Lady Smith explained: “Mr Howey did not become a full-time worker. His part-time worker status was, we agree, unaffected by the policy and unaffected by the implementation of the policy in his favour. He remained a part-time worker. As observed by Judge Macleod, the PTWR do not provide protection for workers against less favourable treatment when compared to part-time workers who are not full-time but work longer hours than they do.”

It was by application of the Marleasing principle that Lady Stacey concluded that Mr Barton had been entitled to pass the stage one threshold, but in doing so she had gone against the intention of parliament.

She added: “The EAT applied it not to the regulations under which Mr Barton’s claim was brought but to the statutory provision by reason of which his pension application was refused, the need to do so being seen as arising because to grant the possibility of a pension to a full-time worker but deny that possibility to a part-time worker was discriminatory; section 3(3) of the 1970 Act accordingly required to be read down. The rewriting involved in the EAT’s approach would, we consider, be so fundamental and would distort a piece of primary domestic legislation that it would not be an appropriate application of the Marleasing principle.

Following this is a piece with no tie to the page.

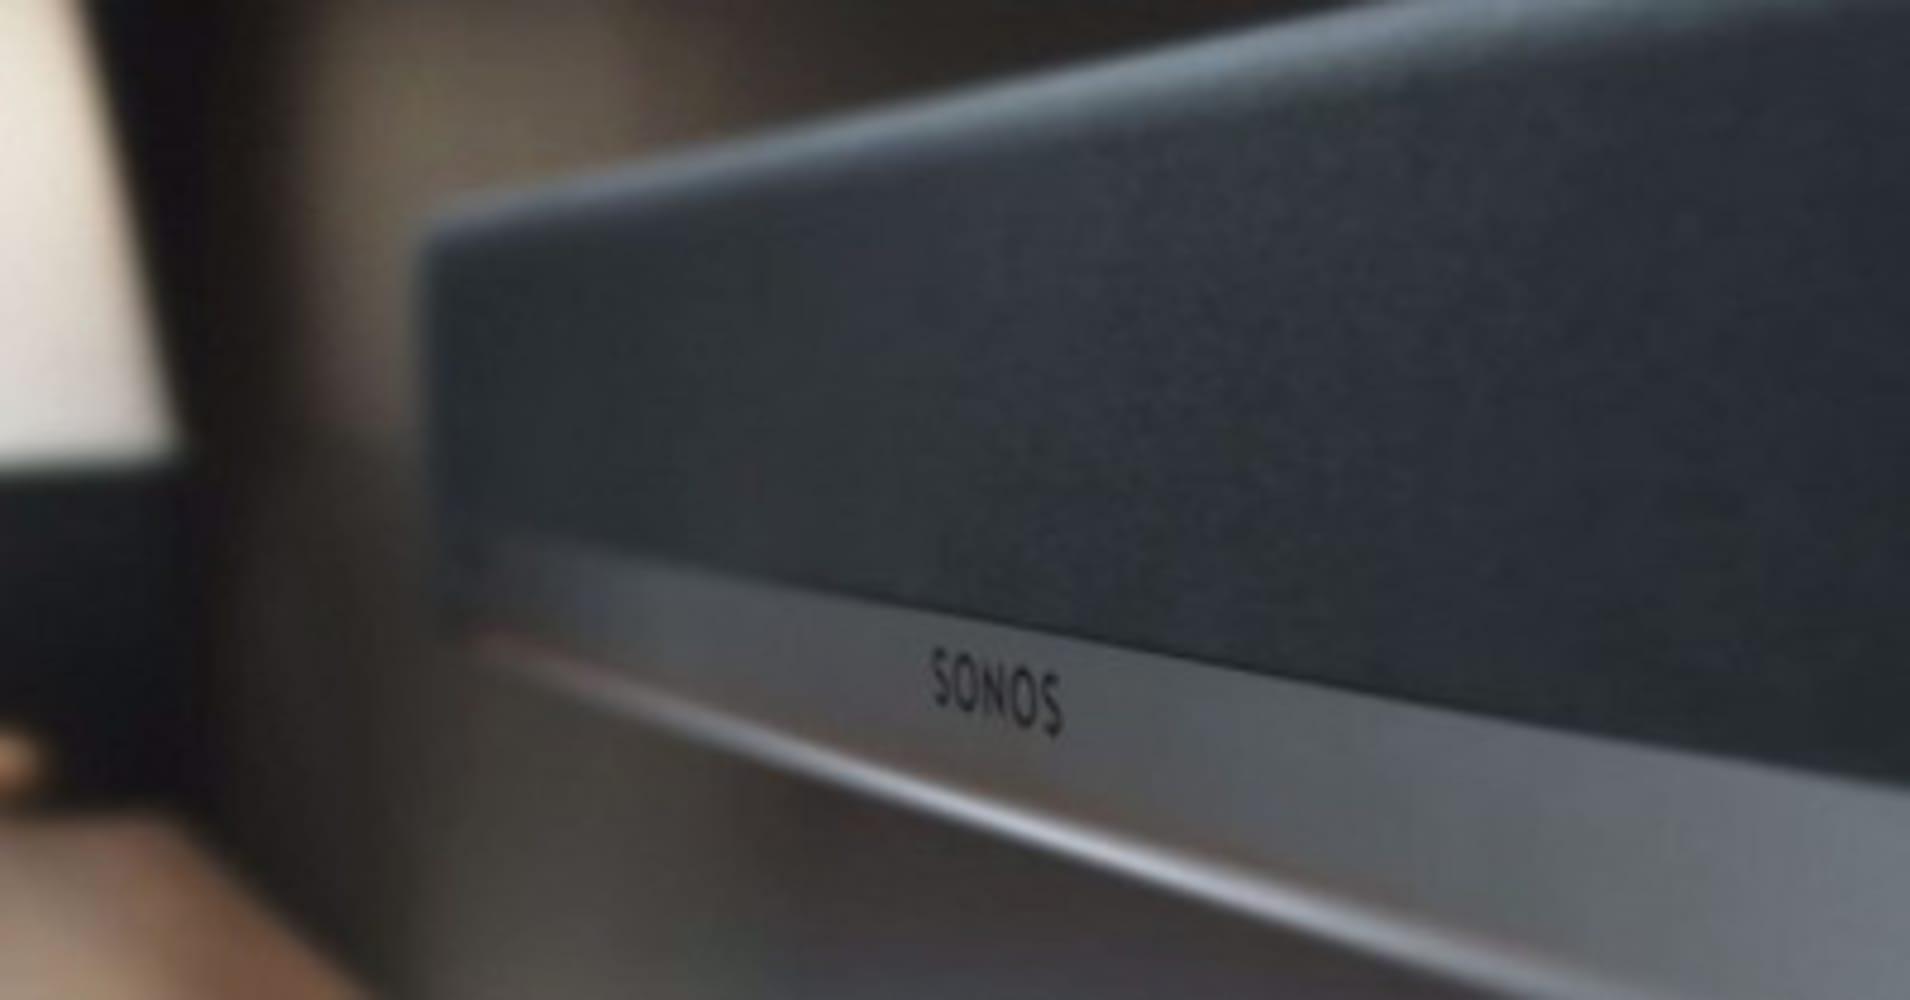 Sonos Sono Ipo Stock Starts Trading On The Nasdaq

“As indicated in the discussions of that principle in the authorities to which we refer above, there are limits to what can be done by the court to amend the expressed will of Parliament as set out in its legislation and care has to be taken to ensure that the court does not legislate under the guise of reading down. The court would, however, be doing just that if the references to ‘full-time’ in sec 3(3) of the 1970 were to be deleted.”